TASK:
Reproduce the listing word for word. Skip any image.
+++ GIVEN MATERIAL
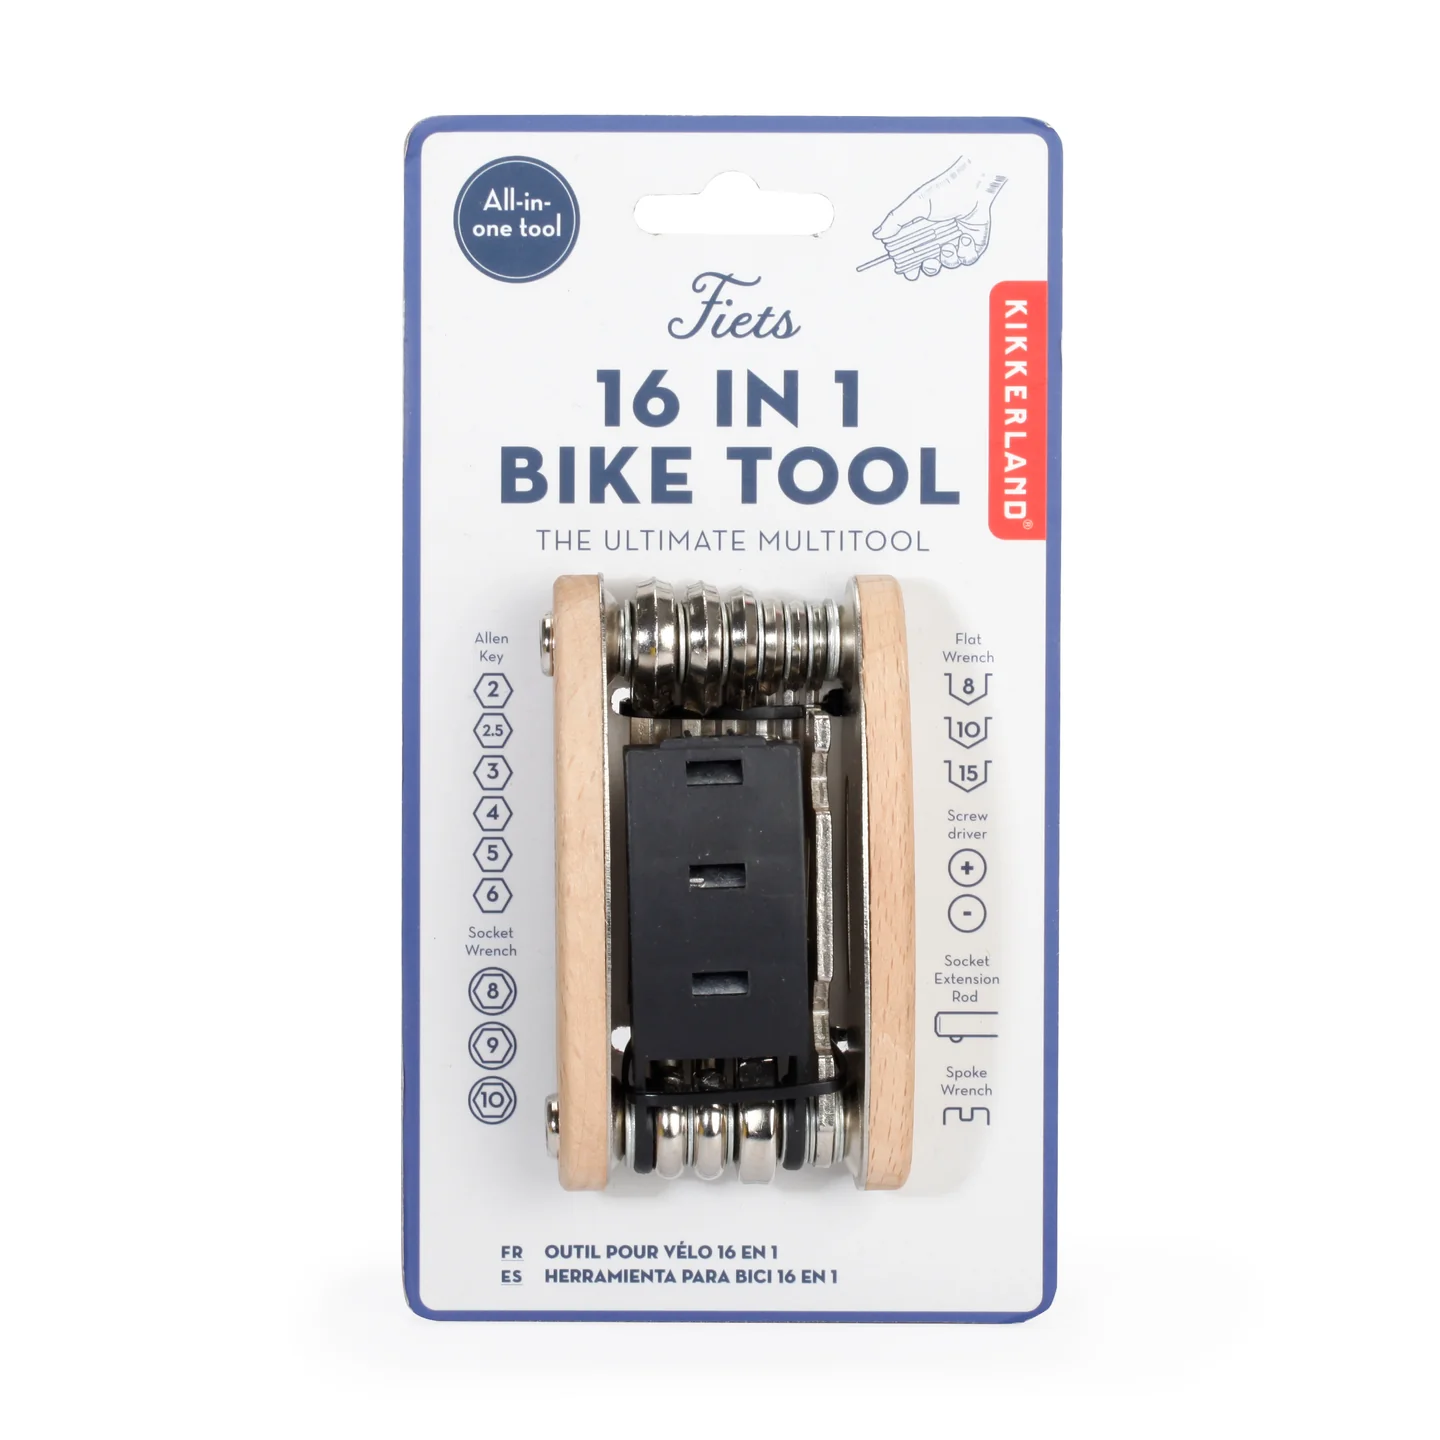 16 in 1 bike tool by Kikkerland
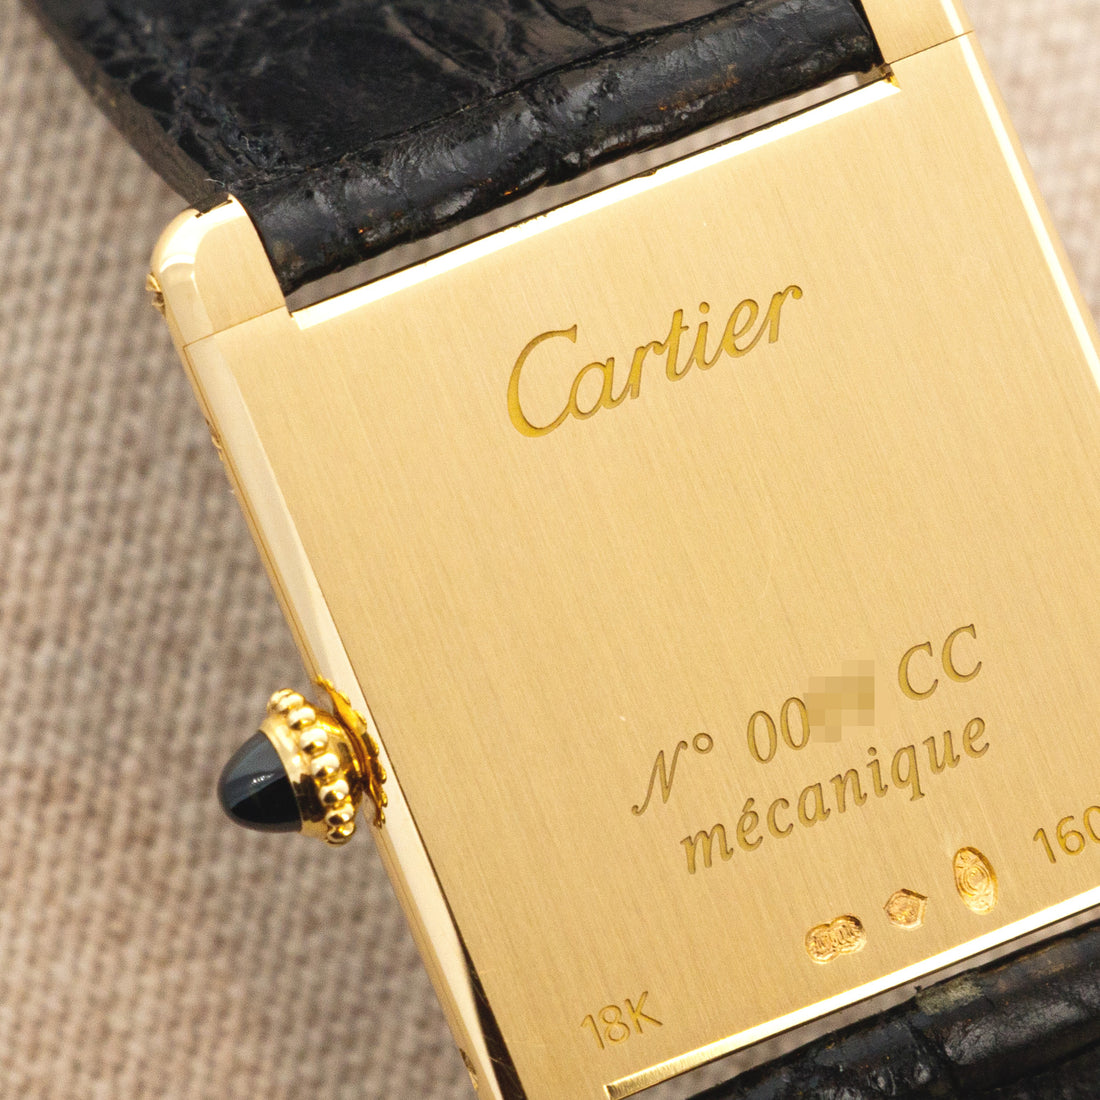 60001 Cartier Tank Louis Cartier Yellow Gold
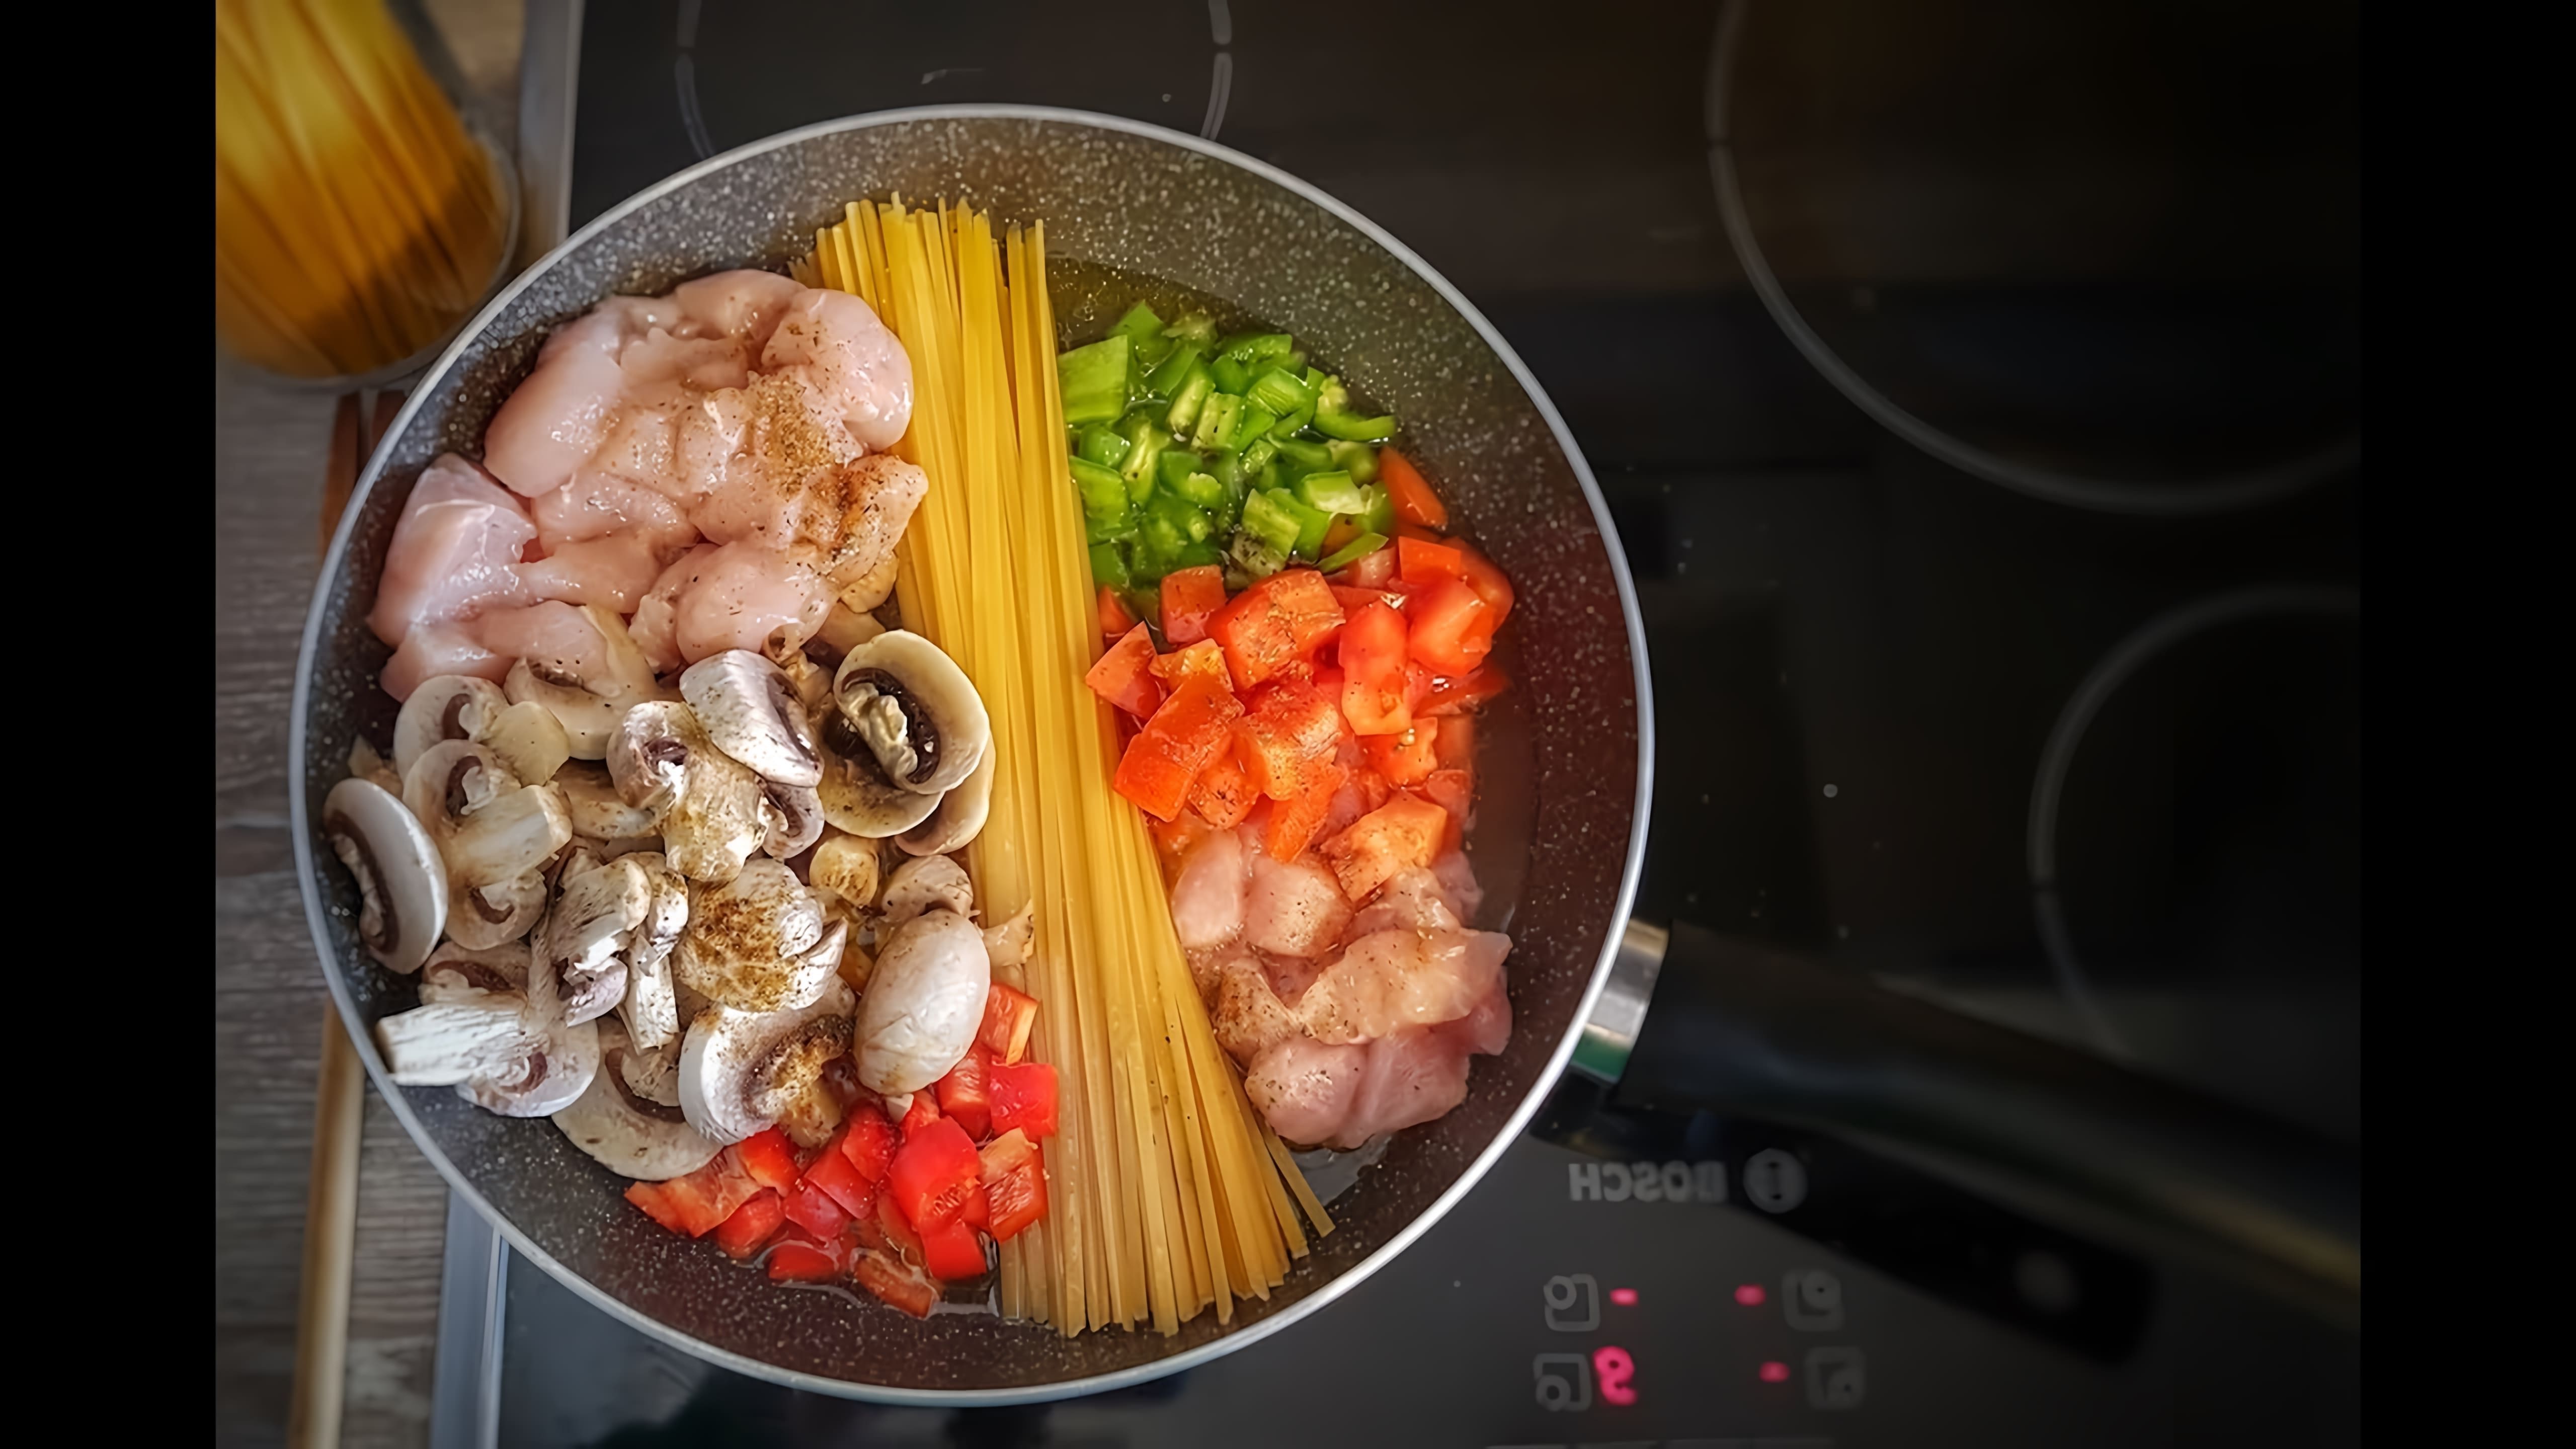 В этом видео демонстрируется процесс приготовления итальянского блюда макароны с мясом в одной сковородке
++++++
SOLUTION TO THE EXERCISE:
 16 in 1 bike tool by Kikkerland
 60001 Cartier Tank Louis Cartier Yellow Gold
 В этом видео демонстрируется процесс приготовления итальянского блюда макароны с мясом в одной сковородке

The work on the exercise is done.